By March 29, 2016Commentary

Physicians are inundated with performance reporting and performance incentive plans.  One goal of these should be to provide doctors with information which actually helps them improve in areas where they may be deficient.  A report from the Agency for Healthcare Research and Quality examines how to best design physician feedback reports.  (AHRQ Report)   The purposes of feedback reports include creating awareness about best practices and about new clinical treatments and diagnostics which should be used; helping doctors assess performance, in general and against standards or against peer performance; providing information to aid in quality improvement efforts; motivating efforts to improve, partially through peer competition; and, through an ongoing time series of reports, to provide guidance on the results of past improvement programs and where gaps still remain.  Research suggests that the design of feedback reports is important; some appear to have no impact and others seem to spur substantial change in performance.  The AHRQ report suggests four critical aspects of feedback report design:  identifying a clinical focus; ensuring underlying data supports aims of report; optimizing user functionality and delivering the report in a way that creates the greatest impact.

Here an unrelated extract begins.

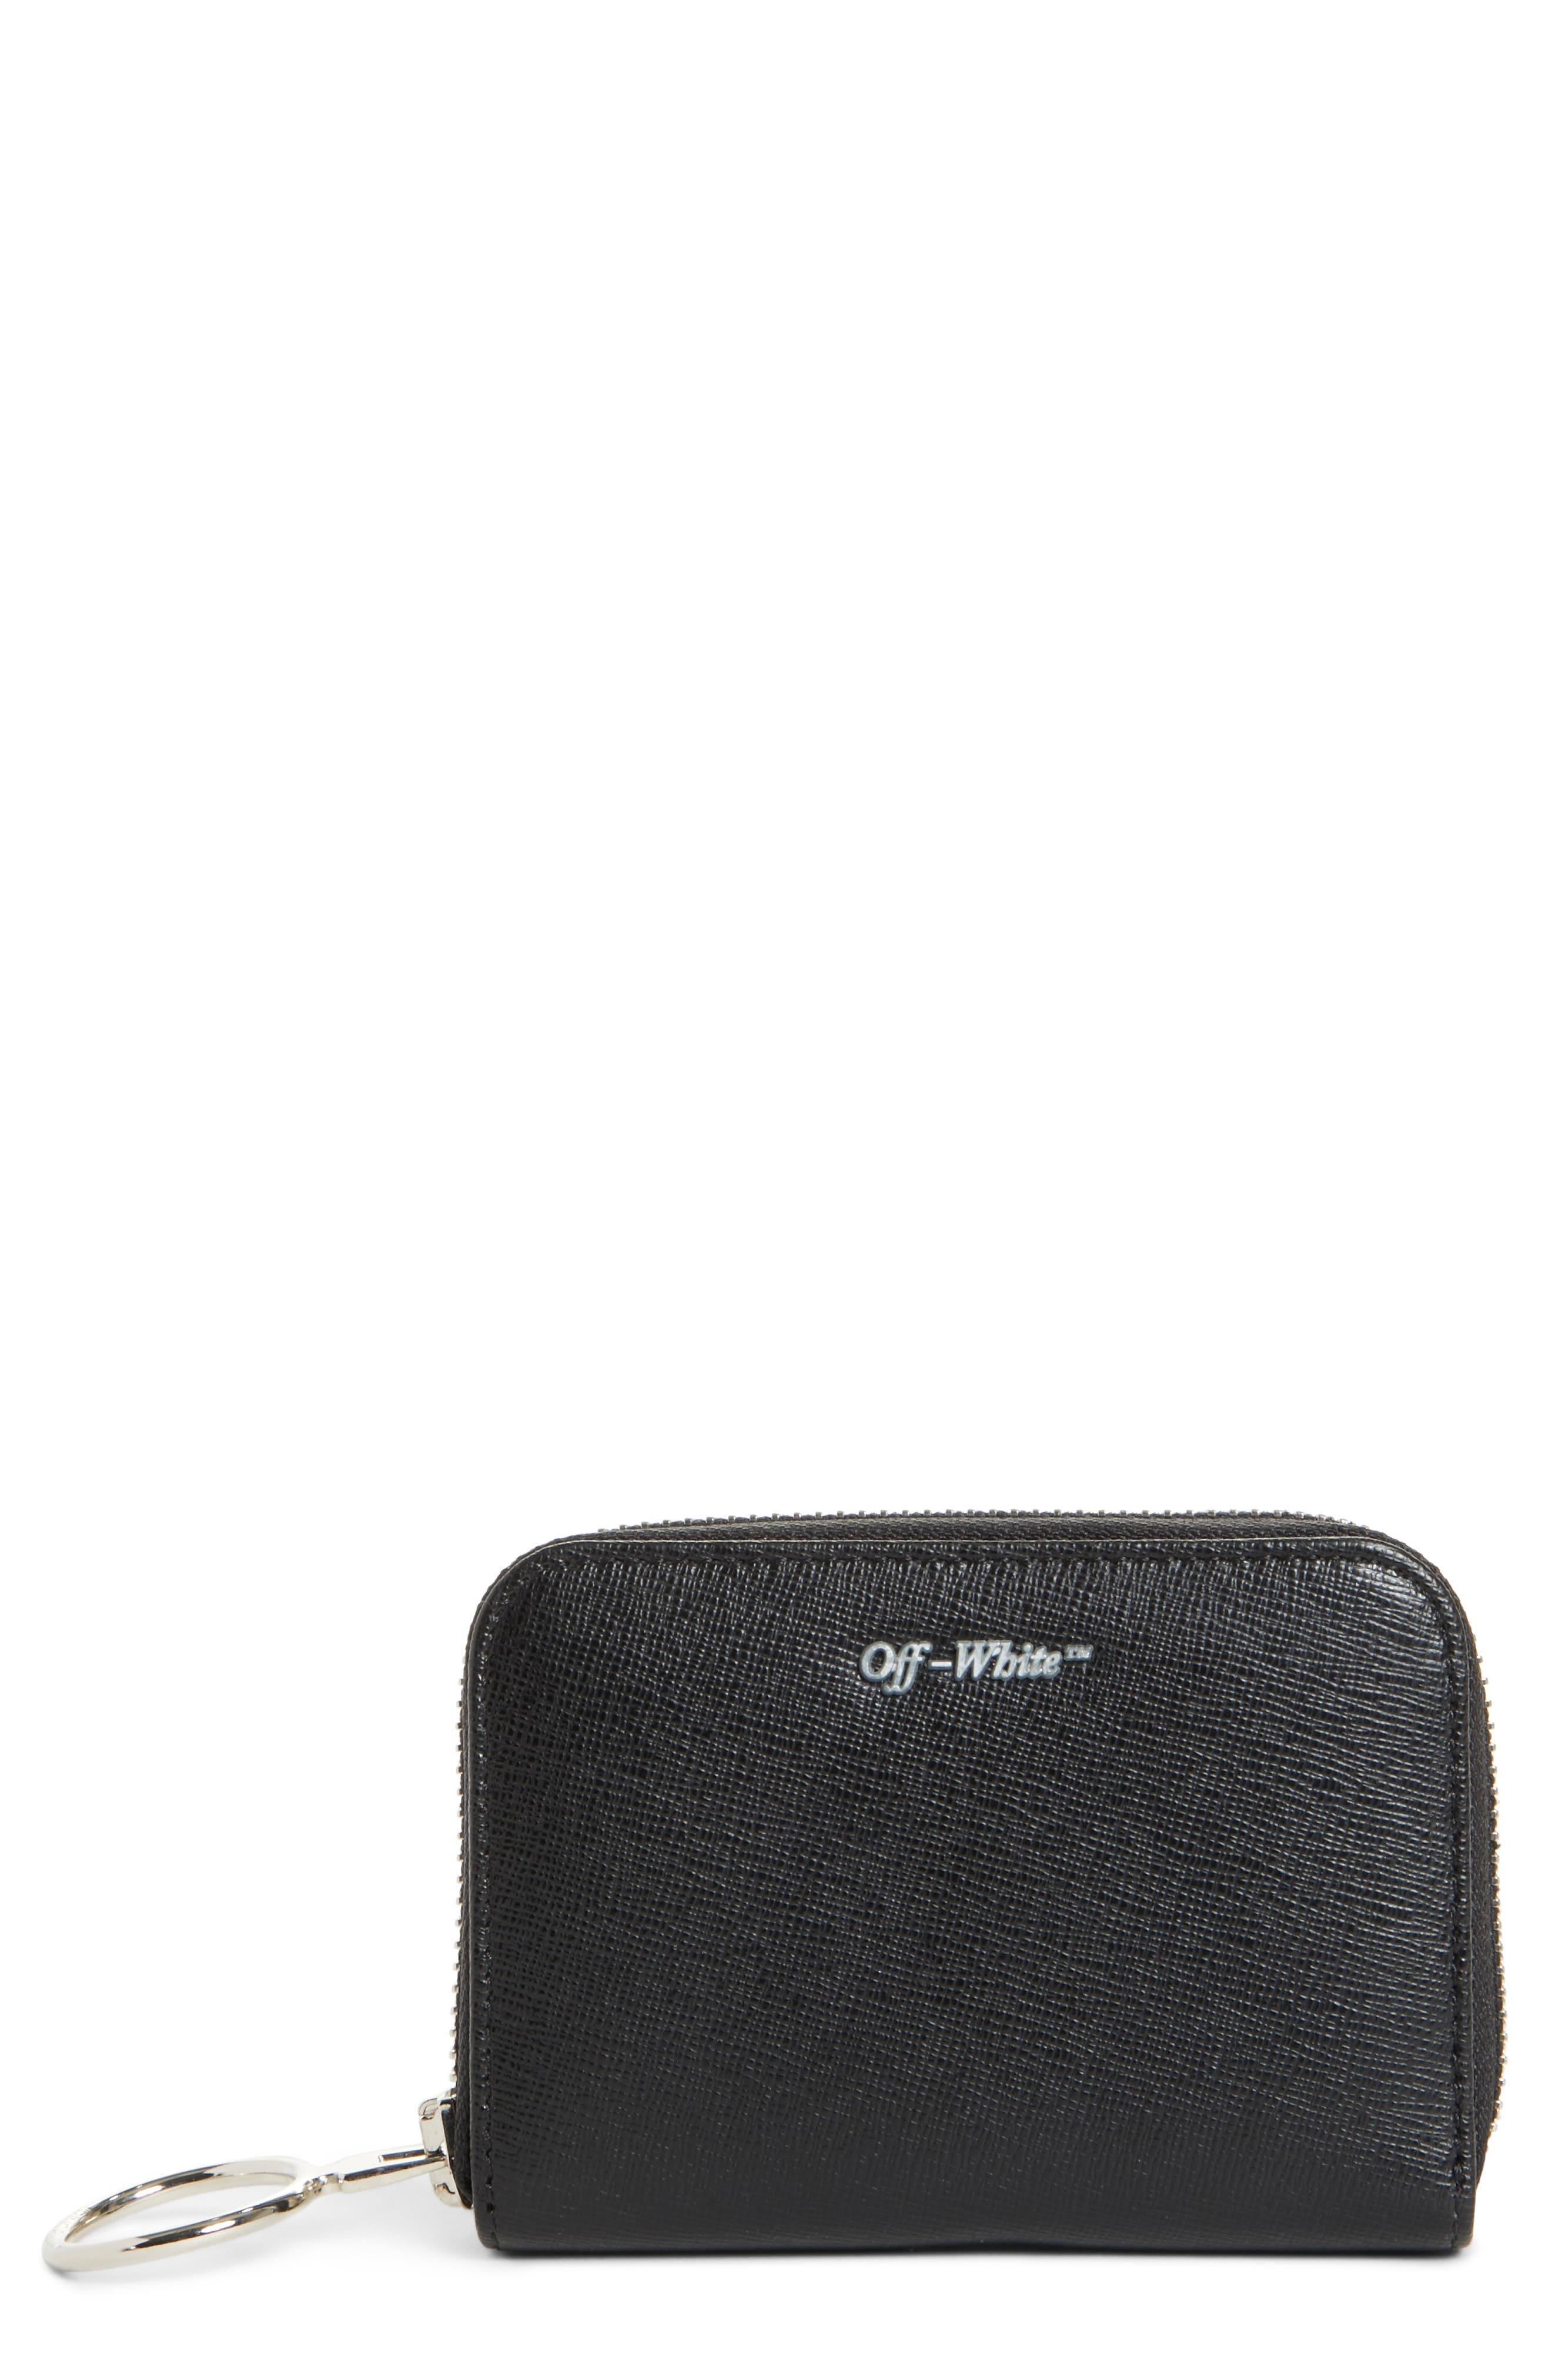 Medium Zip Wallet,                             Main thumbnail 1, color,                             001

Relevant research findings include that the measures reported on should be perceived as important by the doctor;  that the area targeted by the measure should be one that has relatively low baseline performance, giving an opportunity for improvement, and that the measure can actually be affected by physician behavior and the behavior change is simple.  In regard to data, it should be viewed as credible according to usual research standards, including timeliness, adequate sample sizes, transparent methods and appropriate case mix adjustments.  Usability is enhanced by having performance displayed next to a good comparator or benchmark; a goal is presented for desired performance and recommendations for an improvement plan are provided.  The report should make it easy to identify where the physician has a performance gap.  Use of effective graphics is important, as is an ability to drill down beneath summary feedback and to tailor analysis.  Delivery of feedback may be unitary or multistage.  Multistage may be appropriate when more complex clinical change is needed to improve performance or the physician has not been involved in feedback reporting before.  Generally, delivery of feedback is more effective when it includes a verbal review from a trusted source, it is routinized and it is part of a larger quality improvement effort.

One problem which should be addressed is that so many payers and other groups are measuring performance and providing reports that it adds administrative burden, confuses doctors, and leads to contradictory feedback.  Data should be combined and one feedback report across all payers should be given to a physician.  A combined data-gathering, analysis and feedback approach is also more credible since in would cover a greater proportion of the care delivered by the doctor.  This AHRQ Report provides a lot of valuable information, particularly in light of the ever-expanding role of performance reporting and pay-for-performance systems.